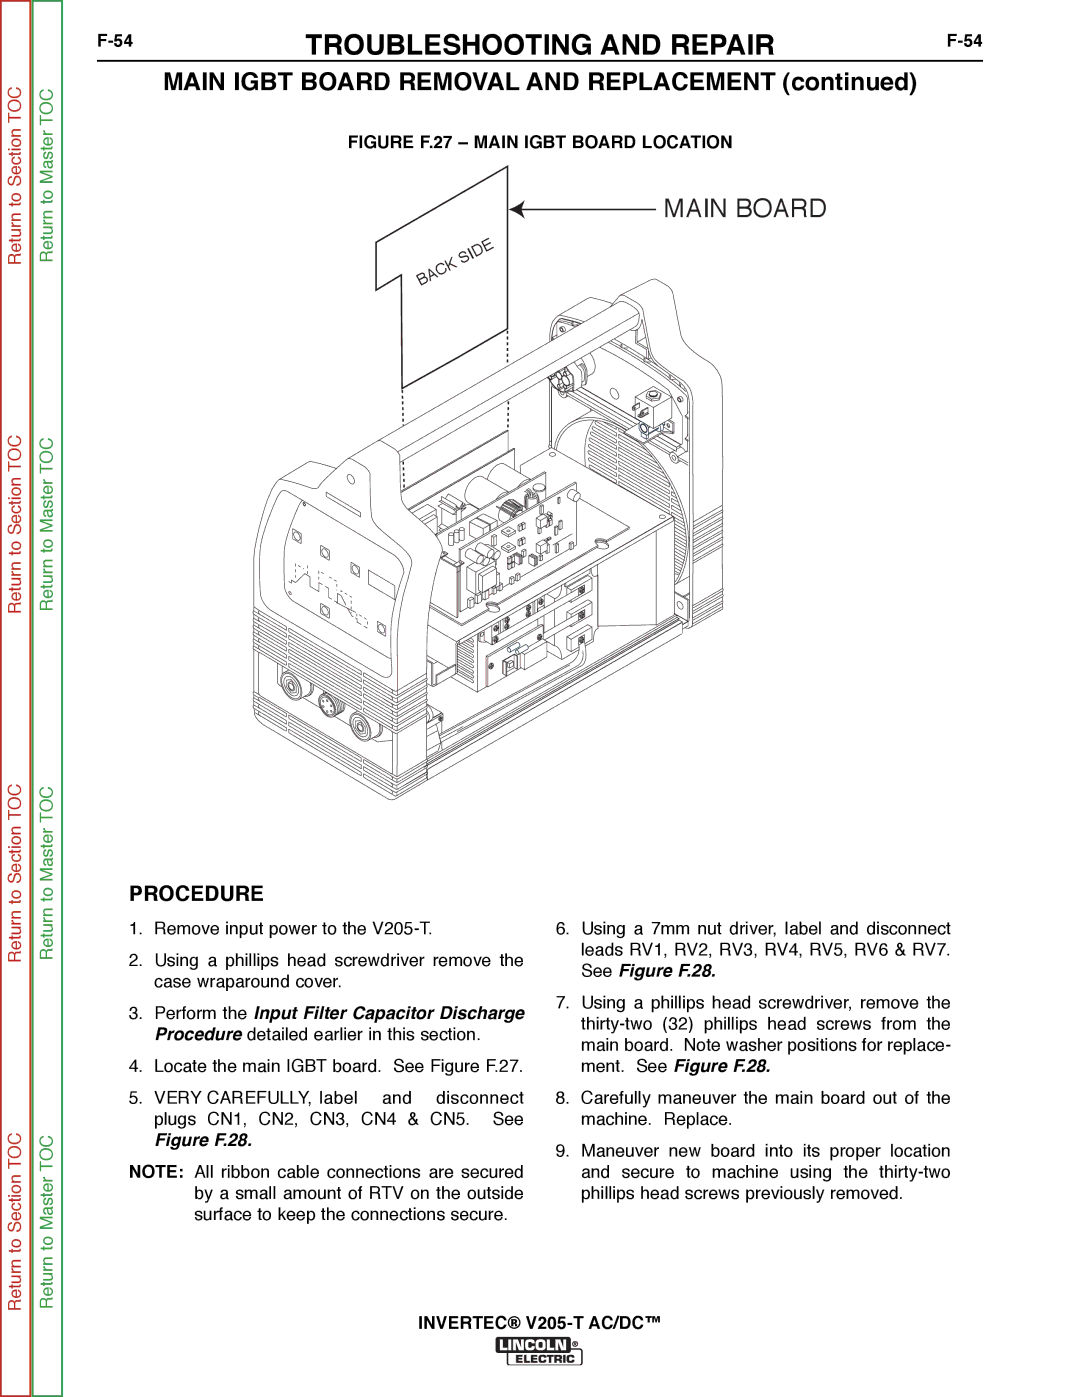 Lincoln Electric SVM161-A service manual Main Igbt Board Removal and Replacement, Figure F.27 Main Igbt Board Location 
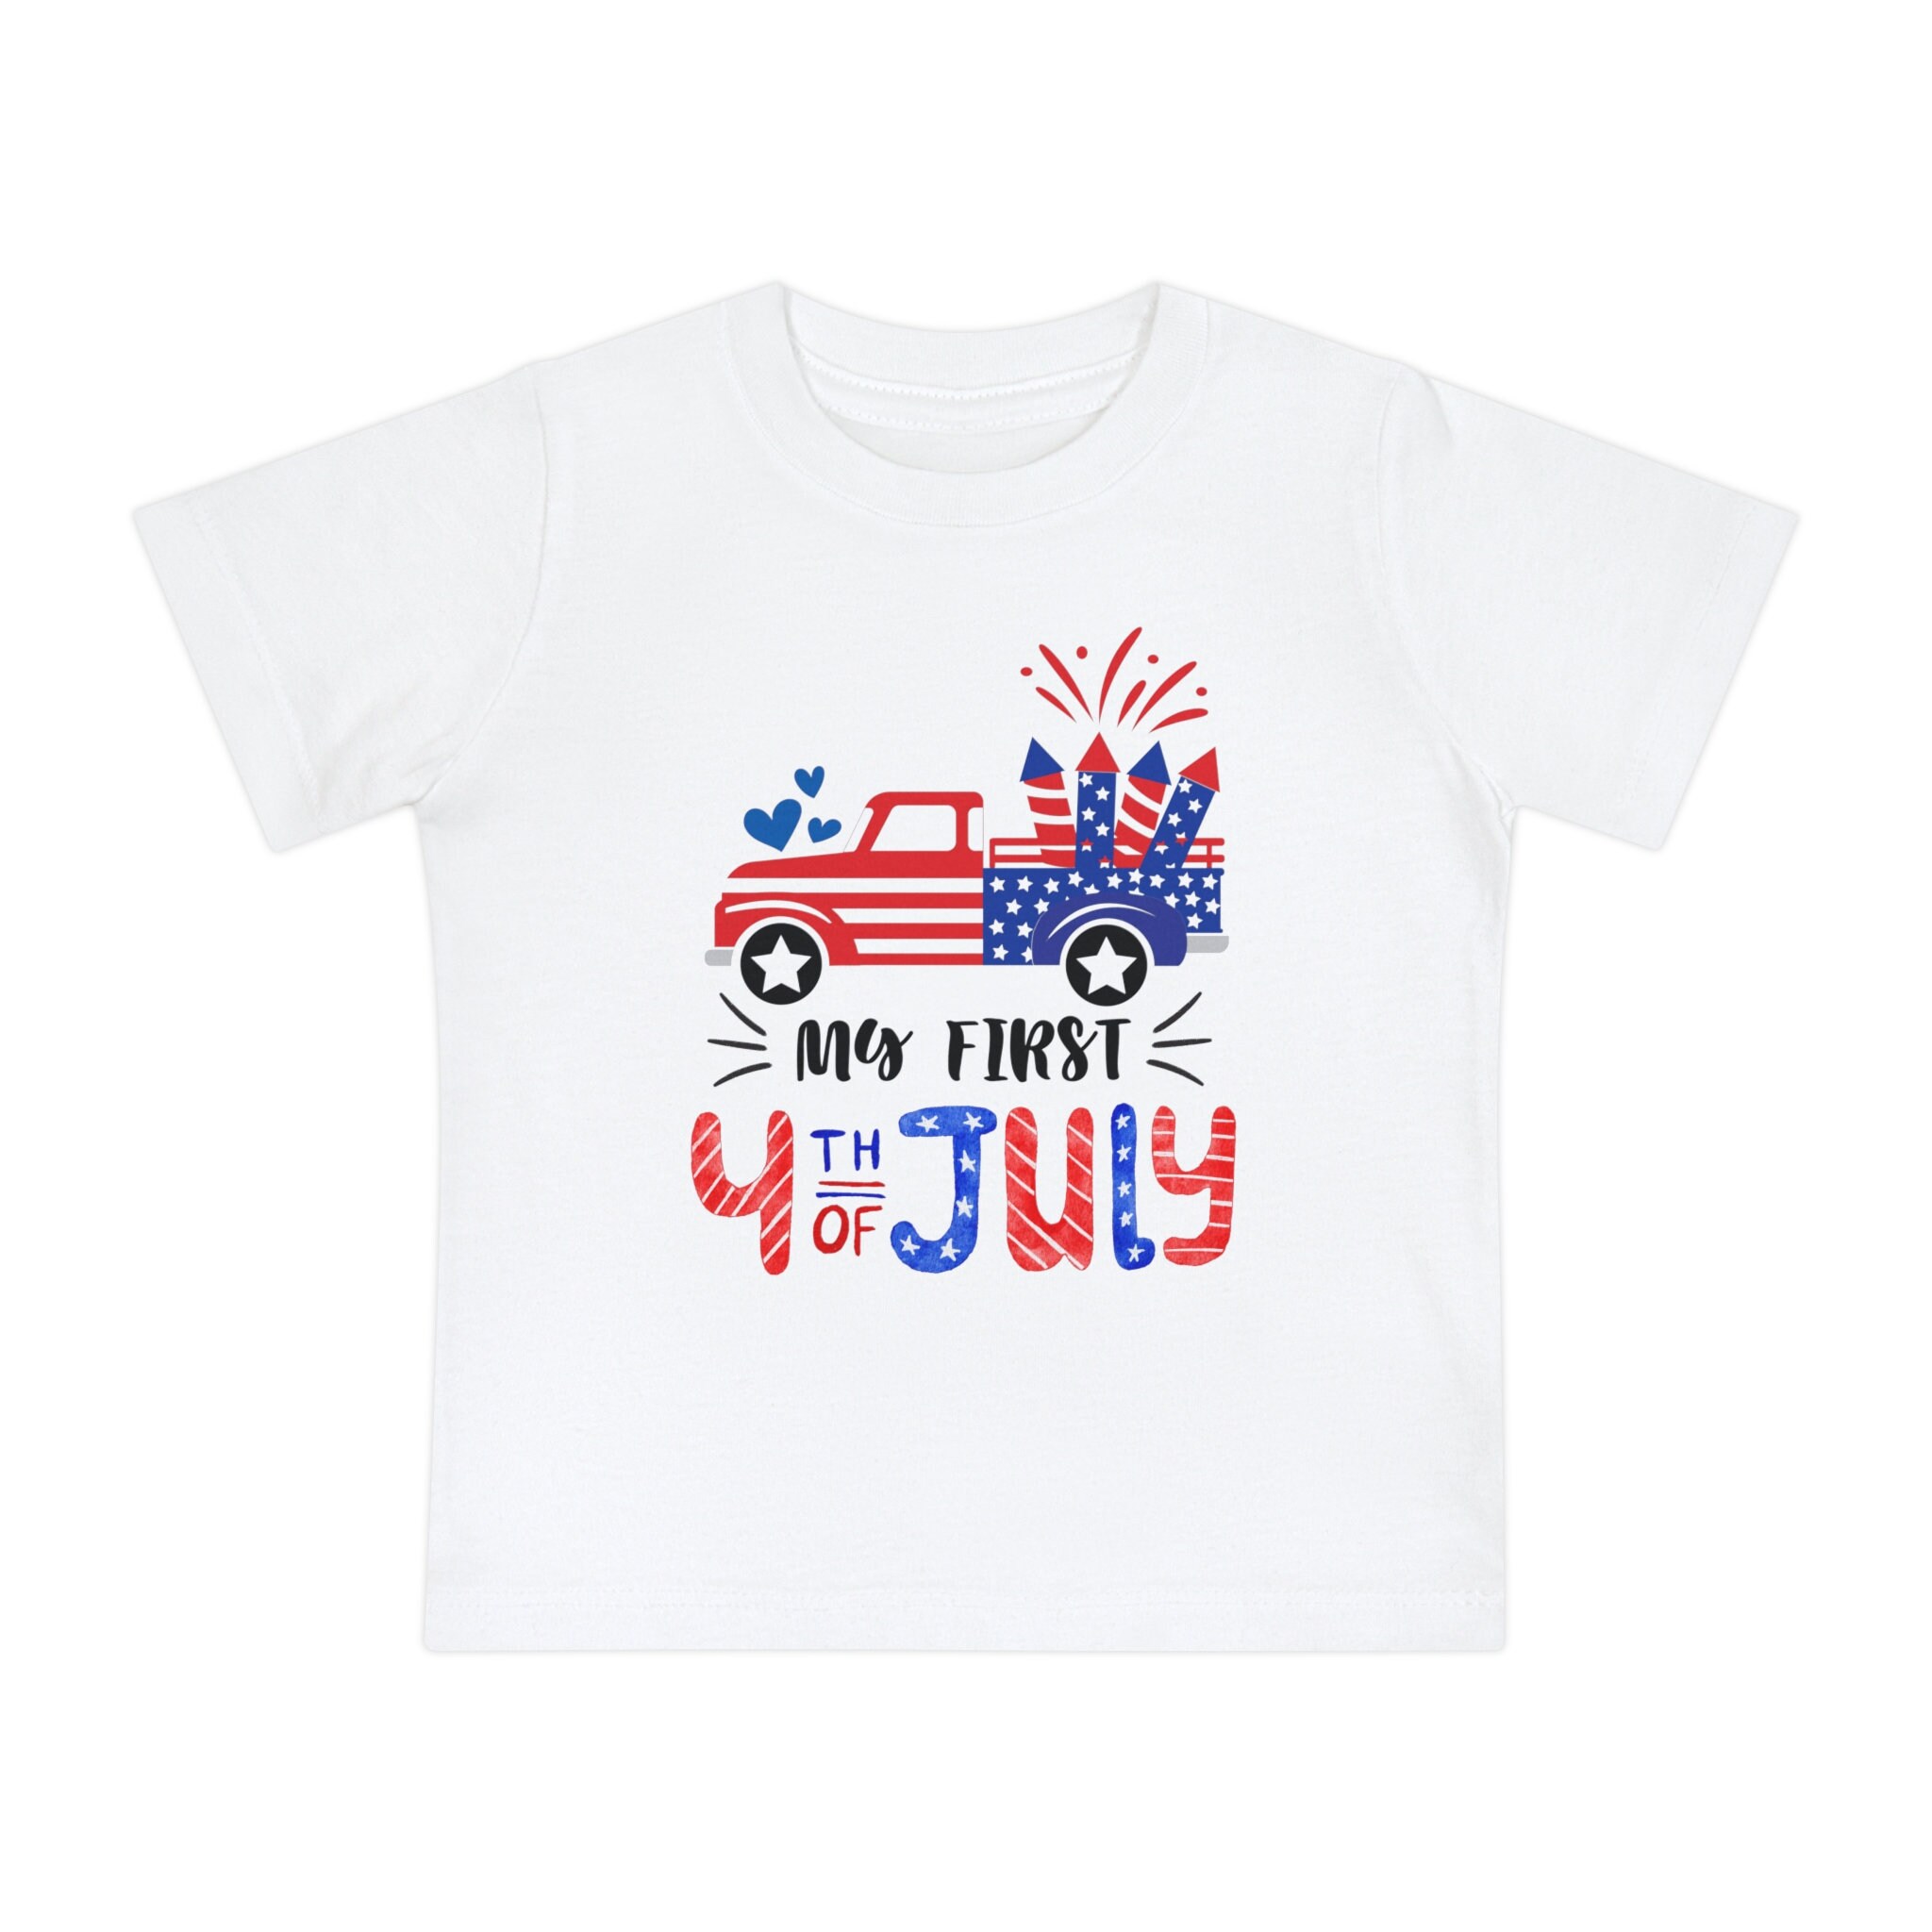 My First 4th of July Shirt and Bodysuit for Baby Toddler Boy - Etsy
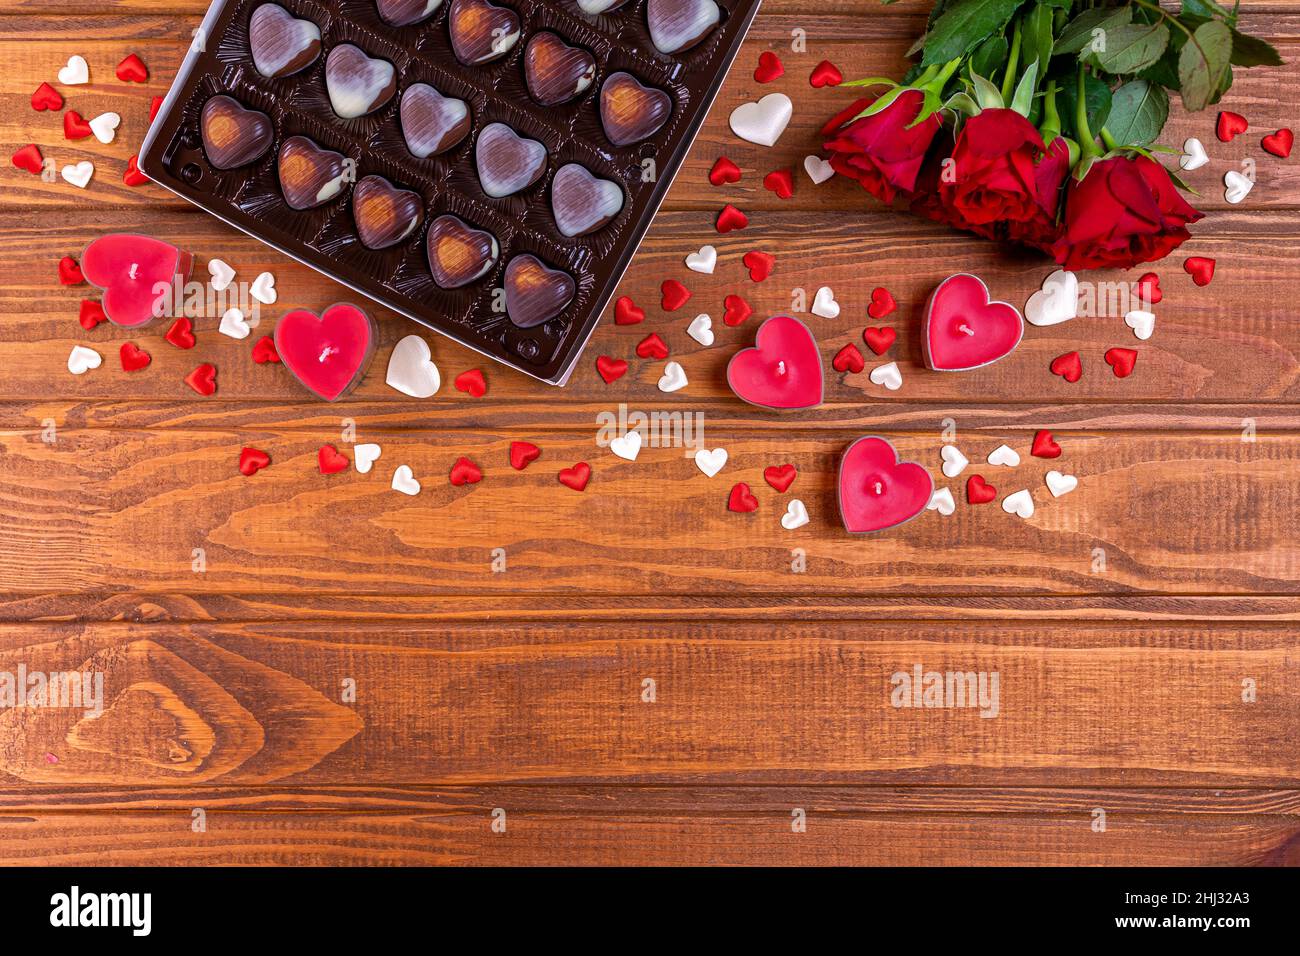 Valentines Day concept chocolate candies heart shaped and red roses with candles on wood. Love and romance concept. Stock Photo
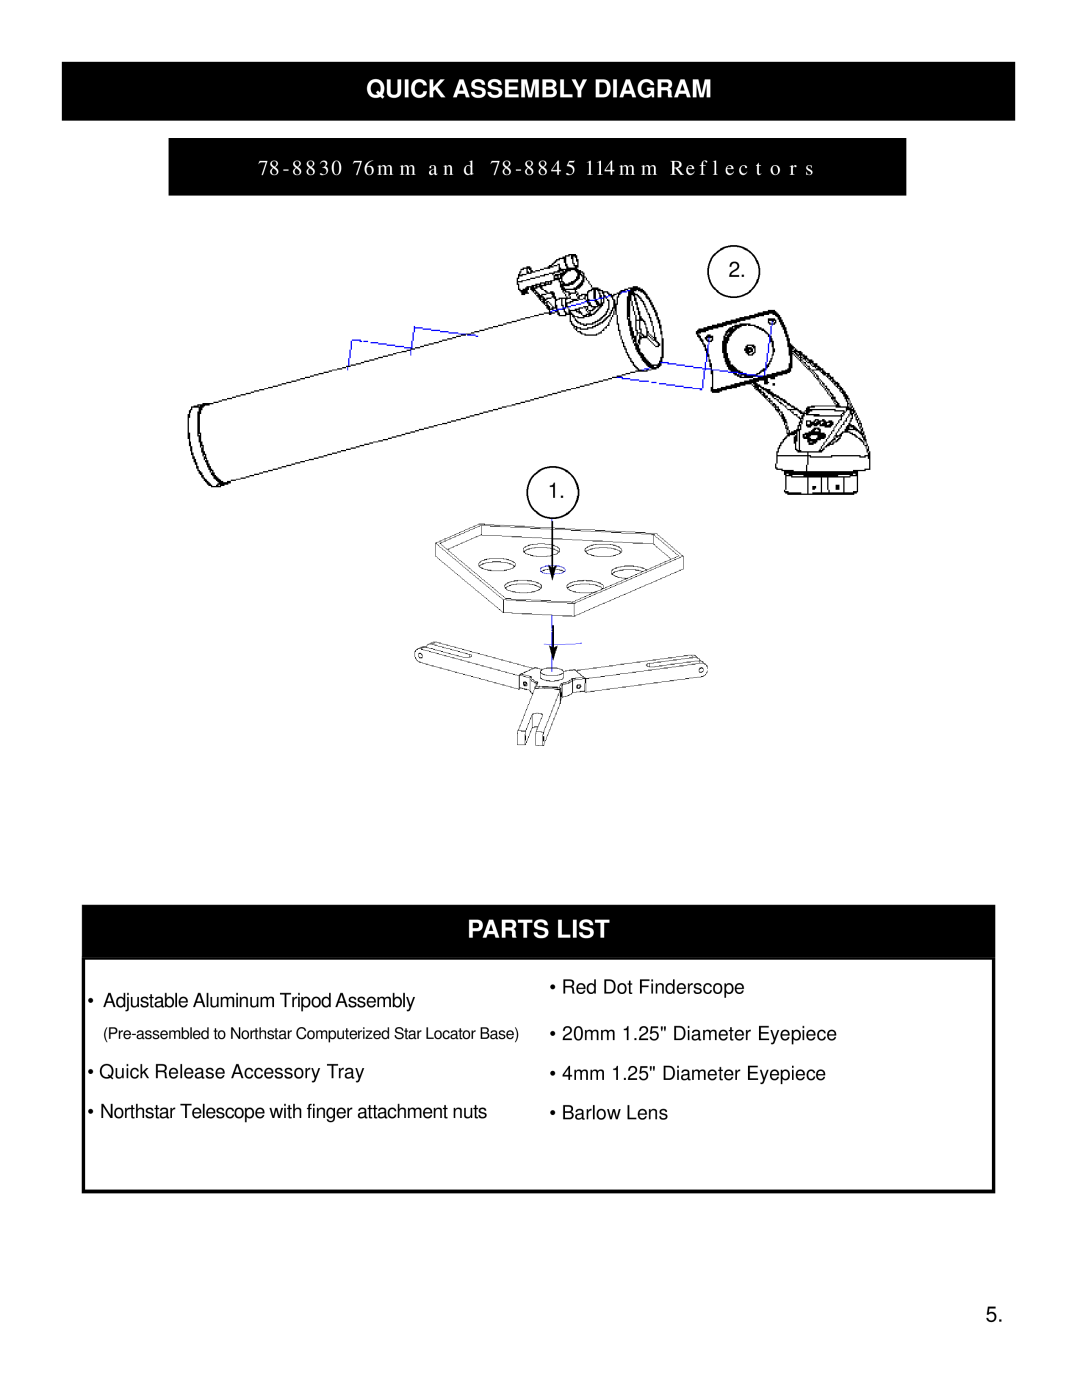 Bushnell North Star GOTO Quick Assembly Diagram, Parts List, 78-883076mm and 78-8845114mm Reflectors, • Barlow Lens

REQUIREMENT: Once the pictures are set aside, repeat the data above exactly.

ANSWER BOX:
 Lincoln Electric SVM161-A service manual Main Igbt Board Removal and Replacement, Figure F.27 Main Igbt Board Location 
 My First 4th of July Shirt and Bodysuit for Baby Toddler Boy - Etsy
 Valentines Day concept chocolate candies heart shaped and red roses with candles on wood. Love and romance concept. Stock Photo
 Bushnell North Star GOTO Quick Assembly Diagram, Parts List, 78-883076mm and 78-8845114mm Reflectors, • Barlow Lens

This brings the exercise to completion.